Saved entries
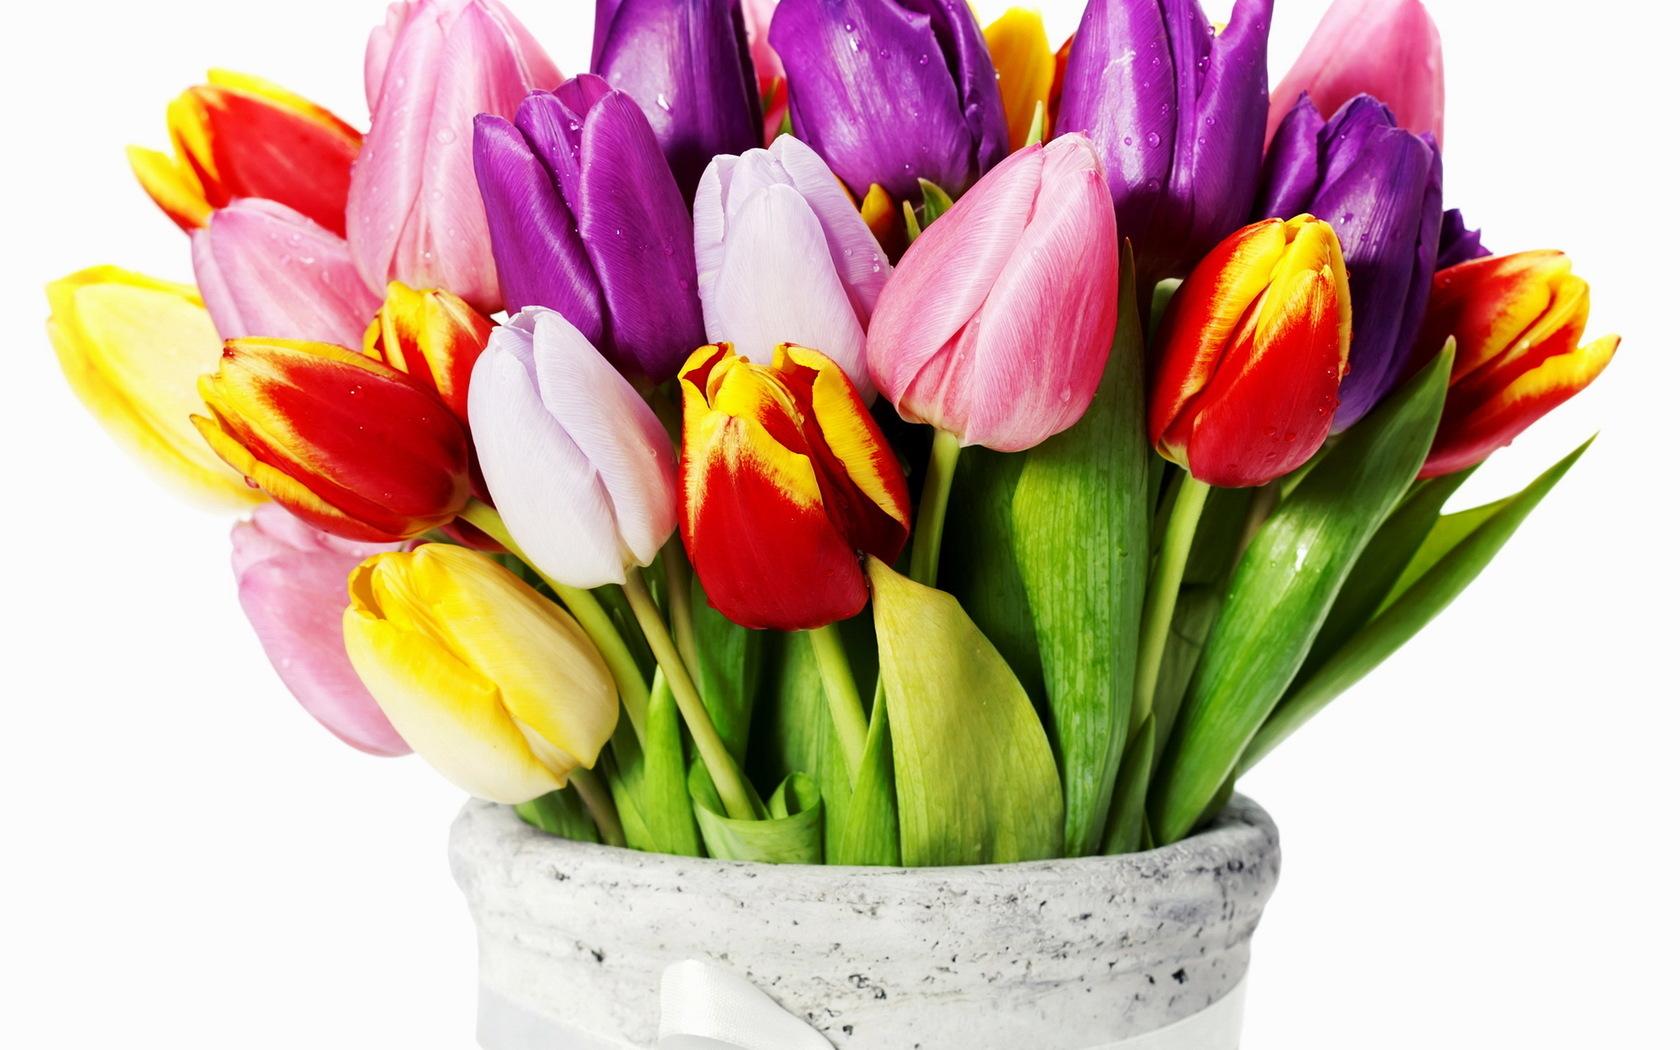 38651 скачать обои Растения, Цветы, Тюльпаны, Букеты - заставки и картинки бесплатно
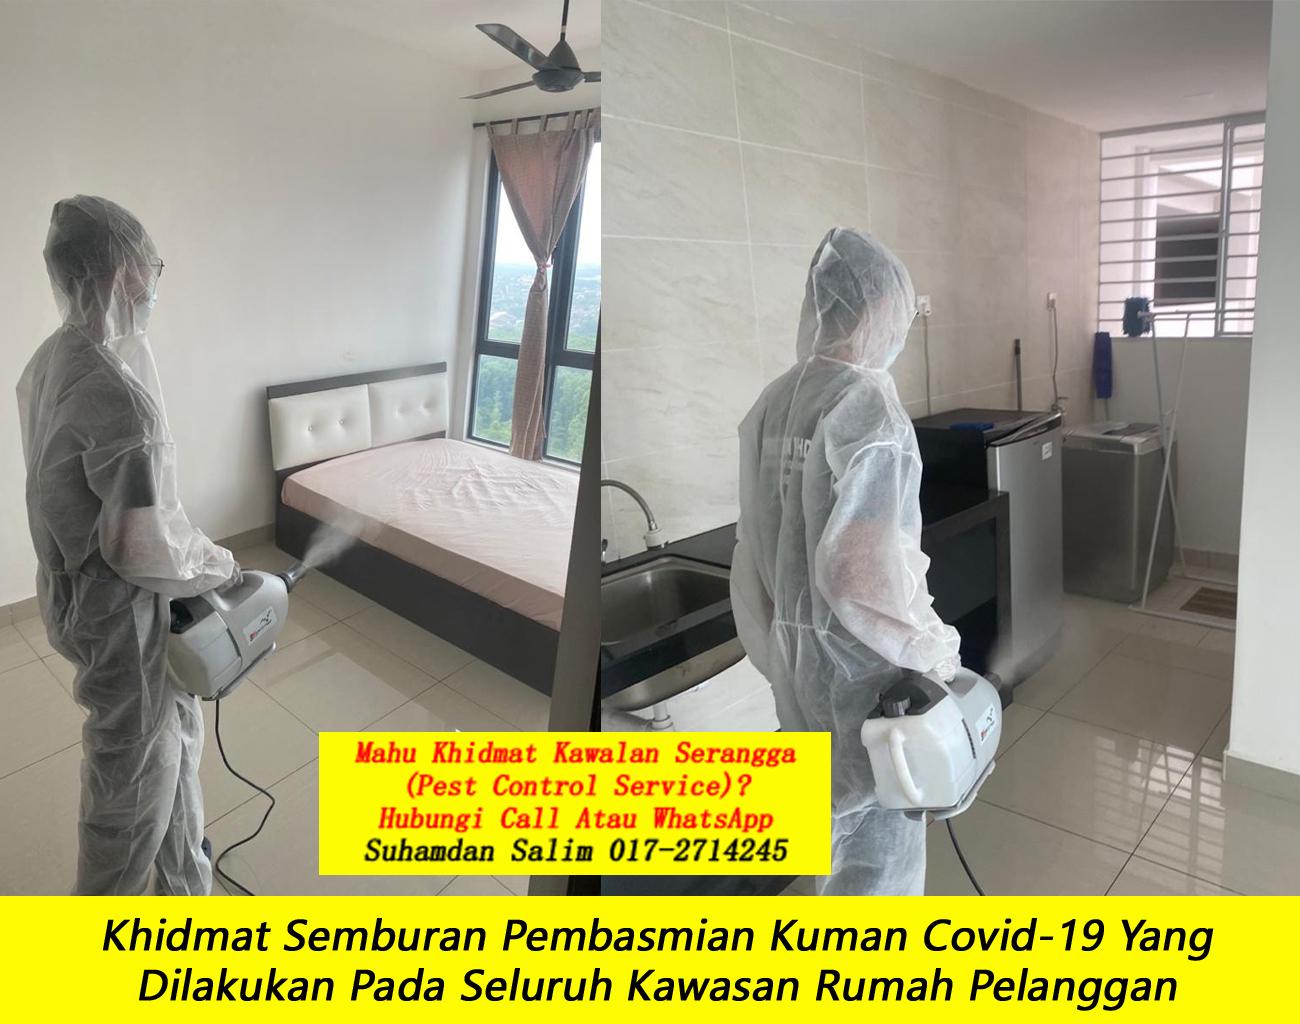 khidmat sanitizing membasmi kuman Covid-19 Disinfection Service semburan sanitize covid 19 paling berkesan dengan harga berpatutan the best service covid-19 Bukit Nanas kl
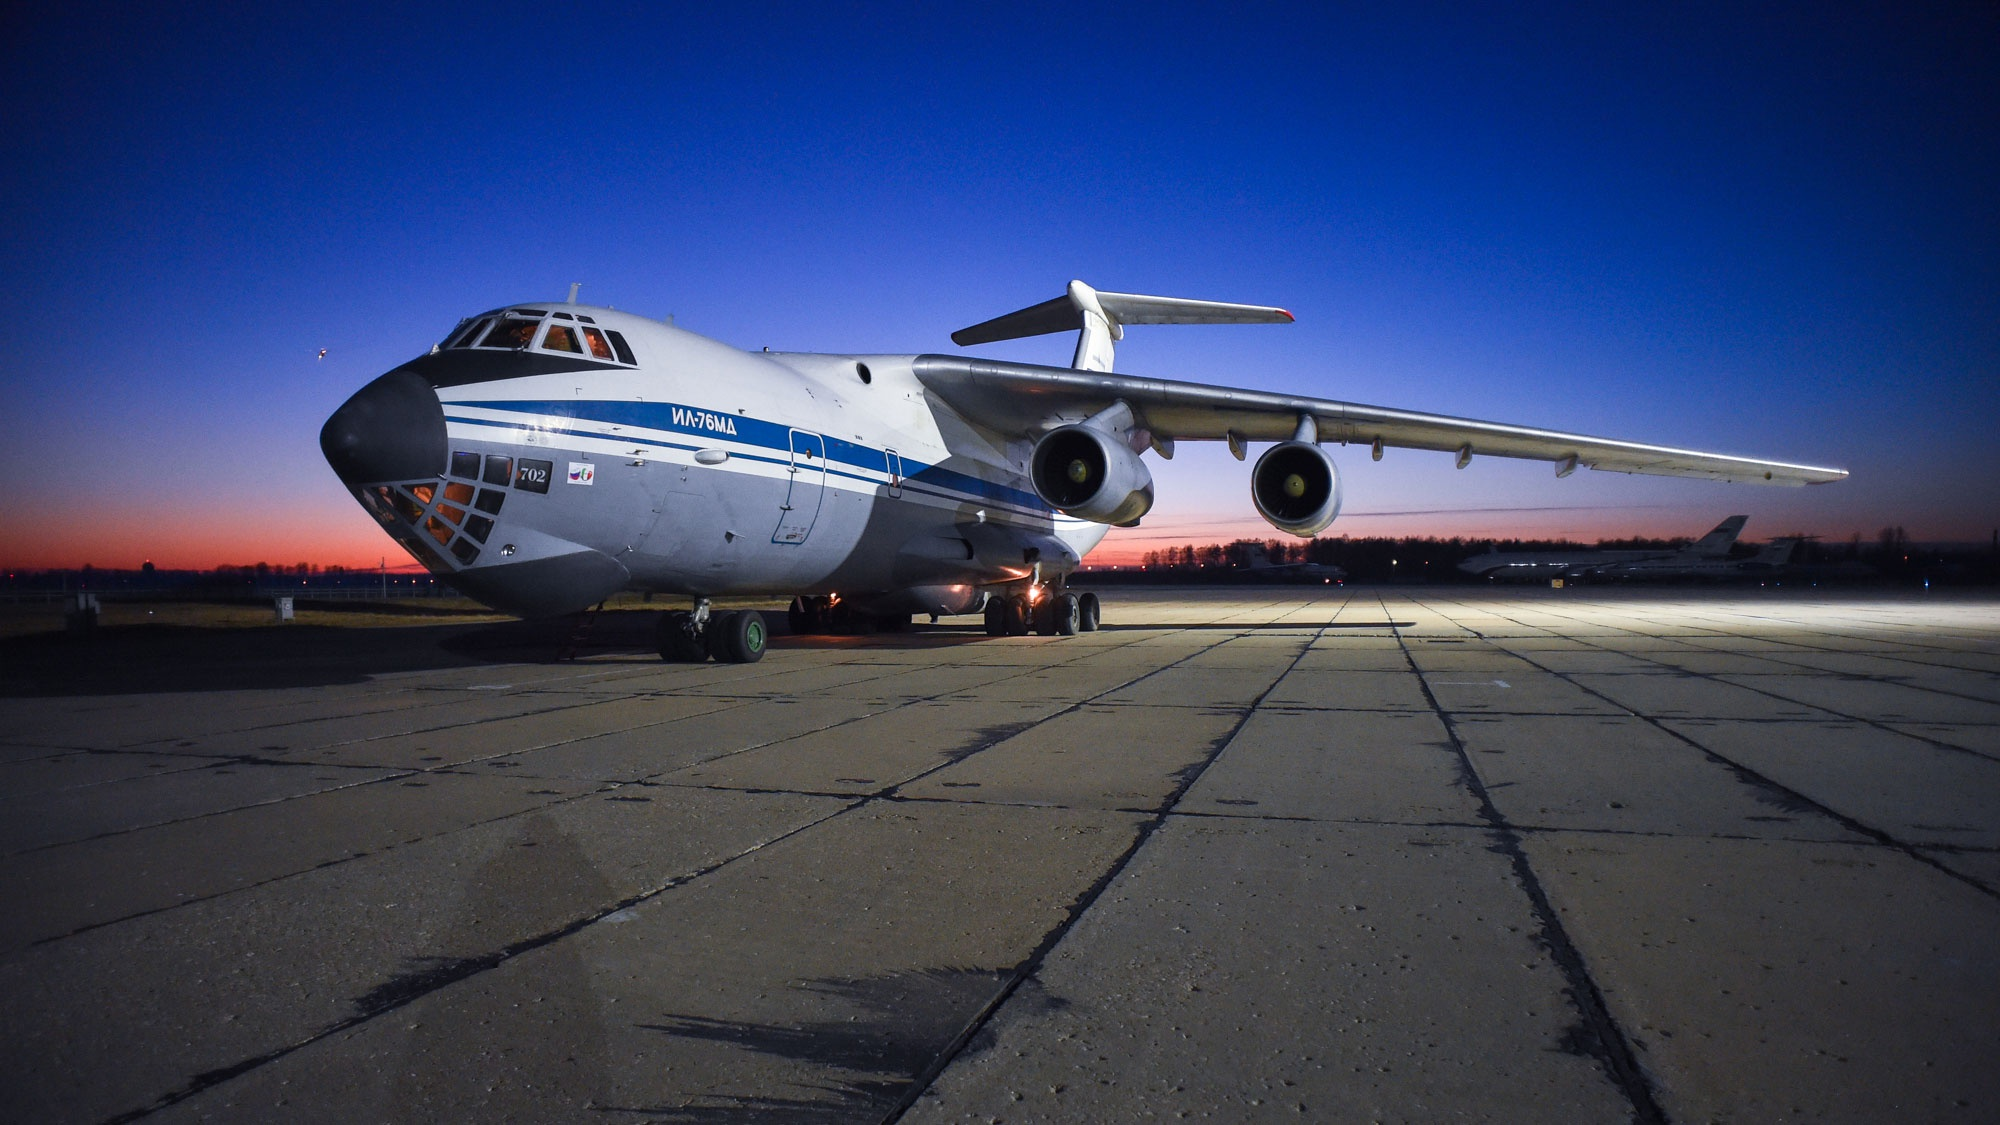 Шестой Ил-76 с российскими военными специалистами вылетел из Италии
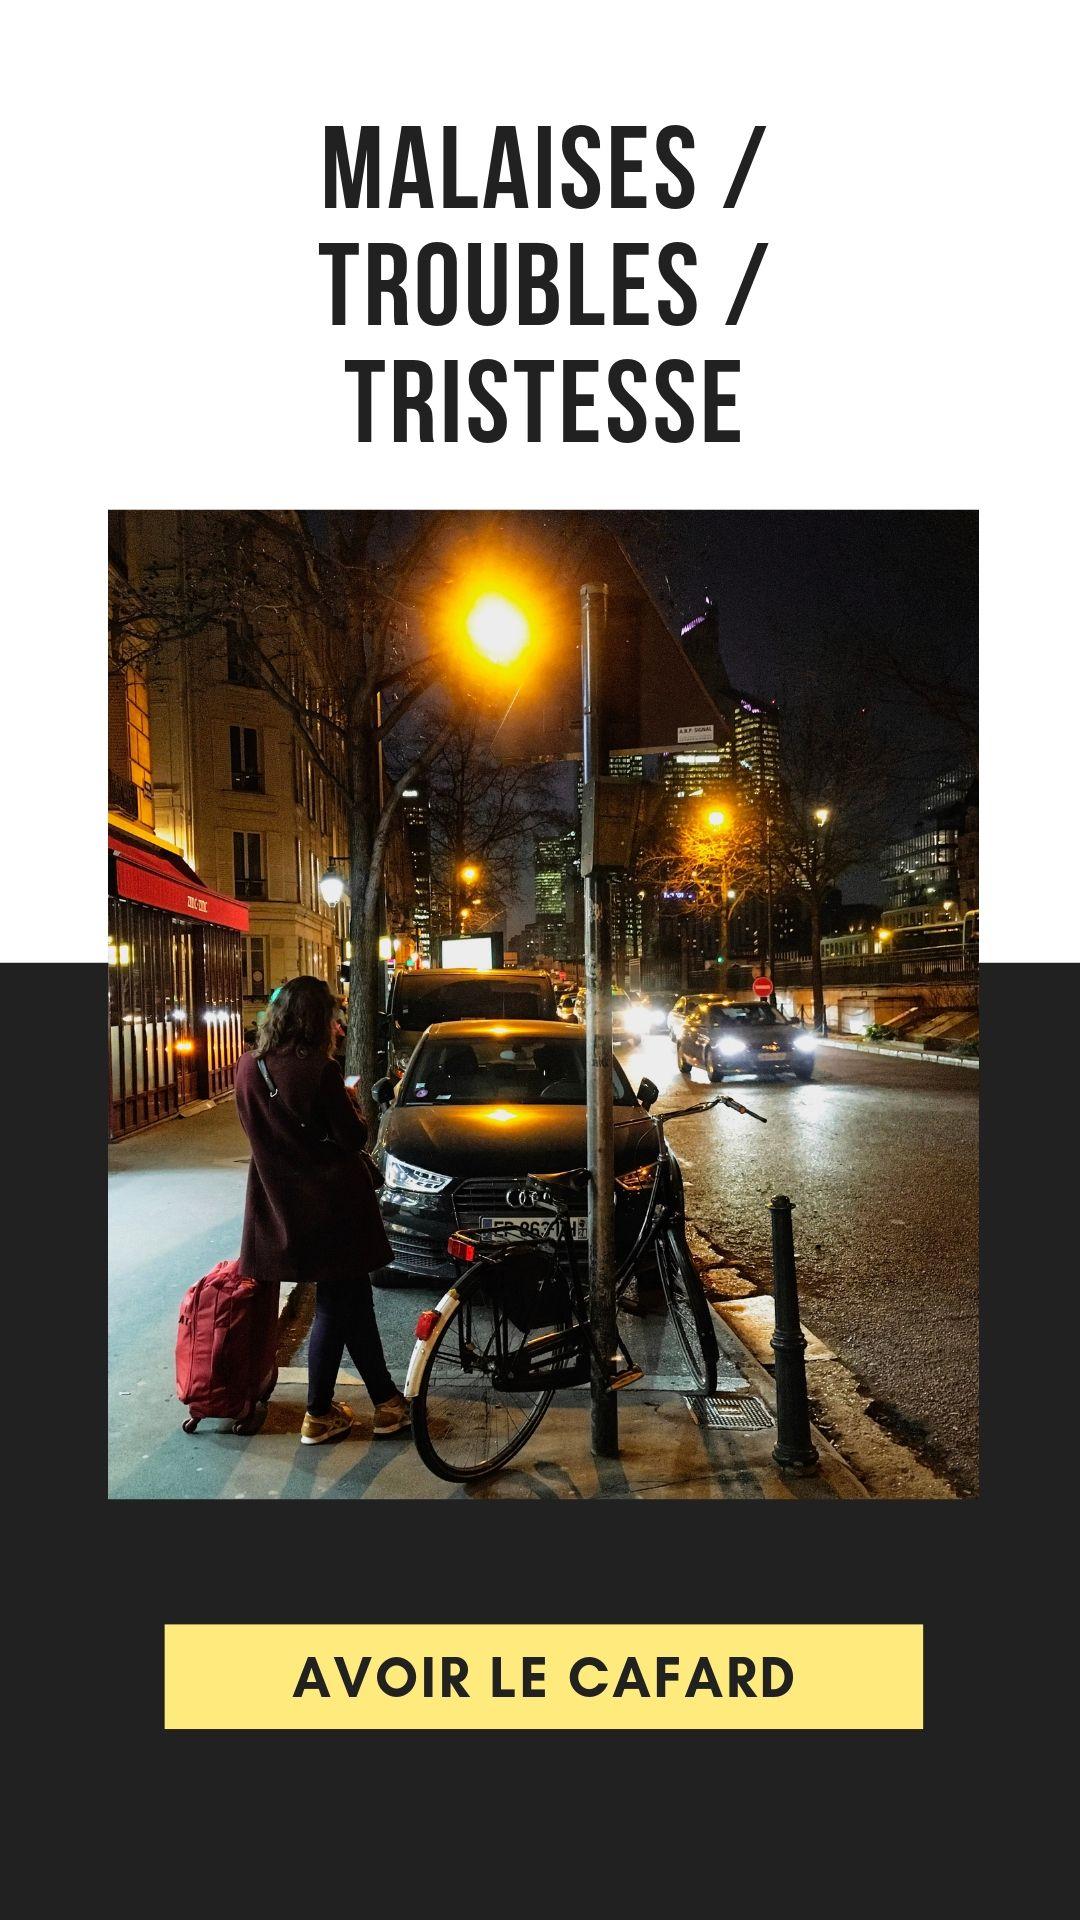 Malaises / troubles / tristesse: Francuskie wyrażenia wyrażające złe samopoczucie, stany niedomagania...
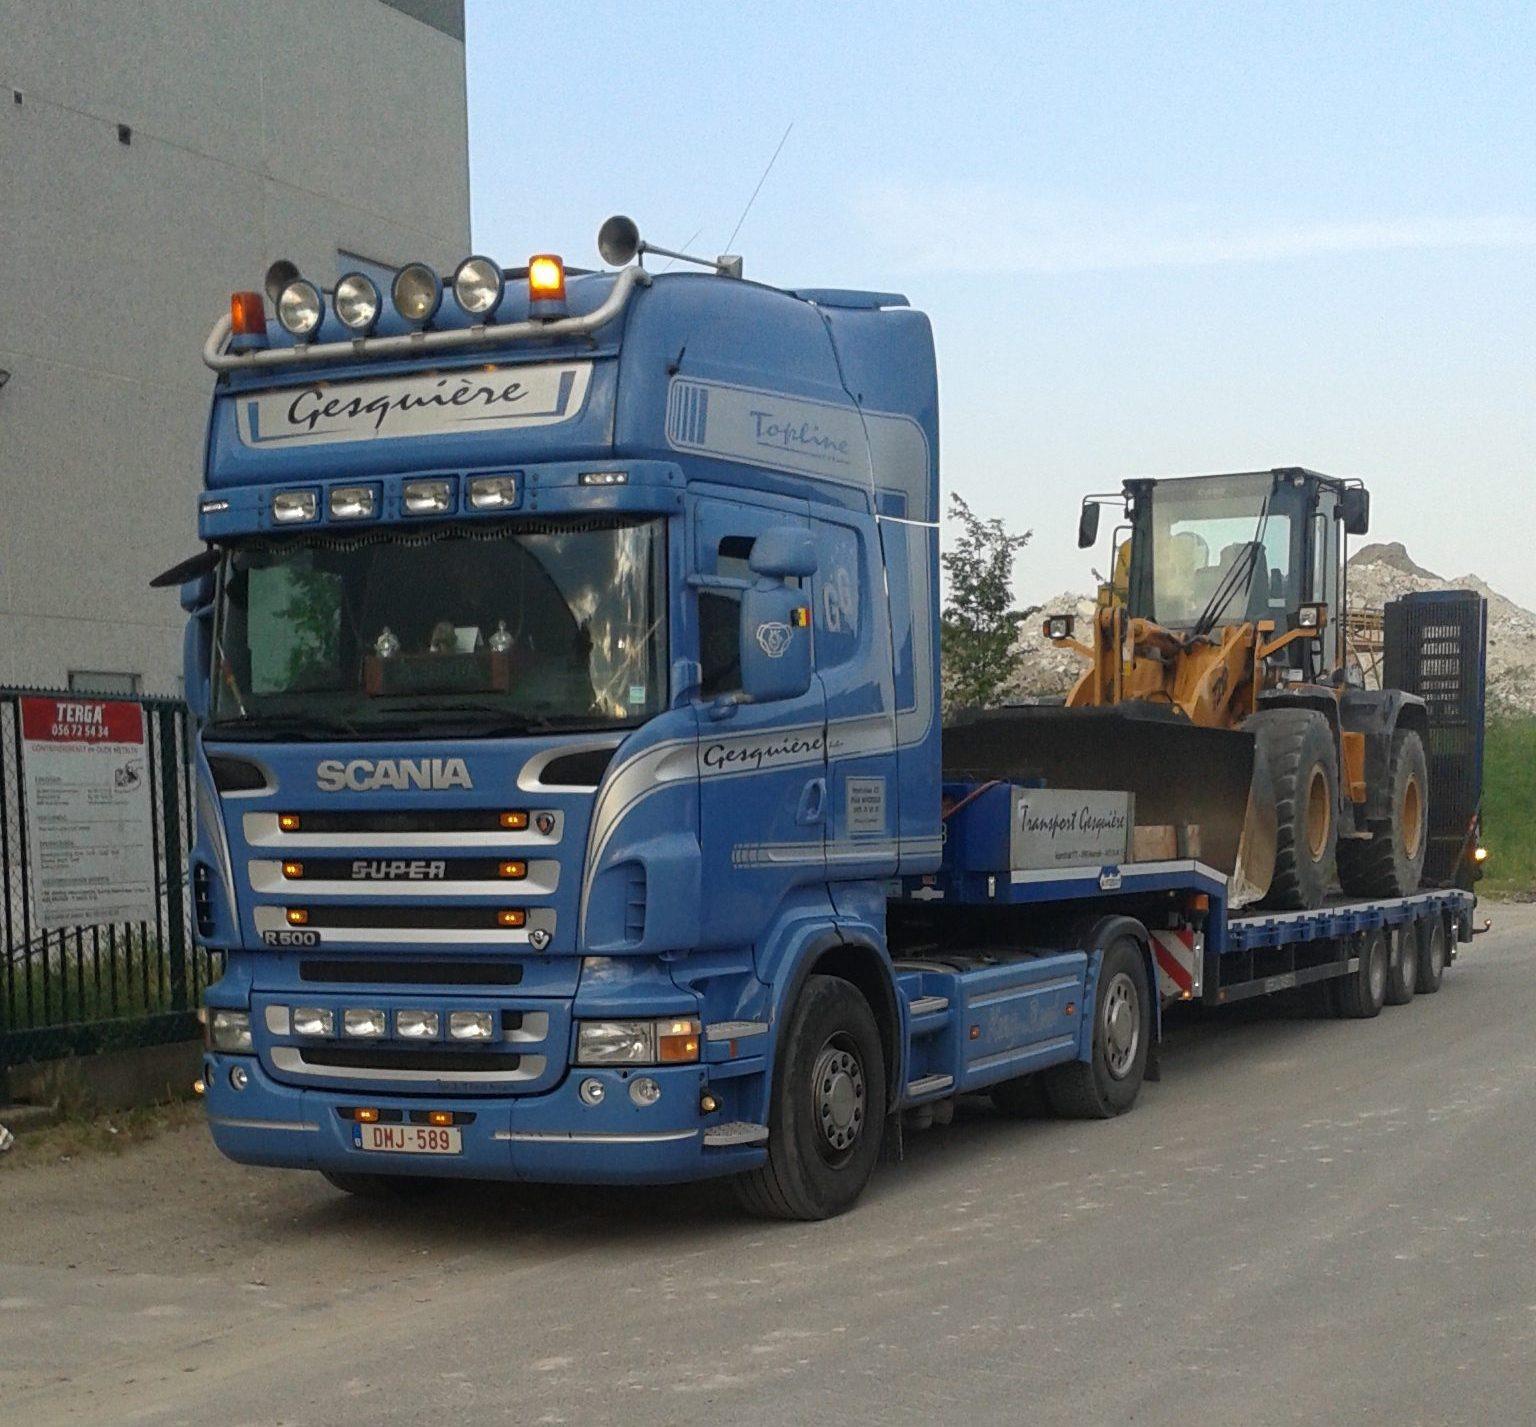 Transport rollend materieel

WORK ORDER: Starting at the line that contains "Шестой Ил-76 с", reproduce every line through the last one in the records exactly, and omit all pictures.

OUTPUT BELOW:
 Шестой Ил-76 с российскими военными специалистами вылетел из Италии
 Malaises / troubles / tristesse: Francuskie wyrażenia wyrażające złe samopoczucie, stany niedomagania...
 Transport rollend materieel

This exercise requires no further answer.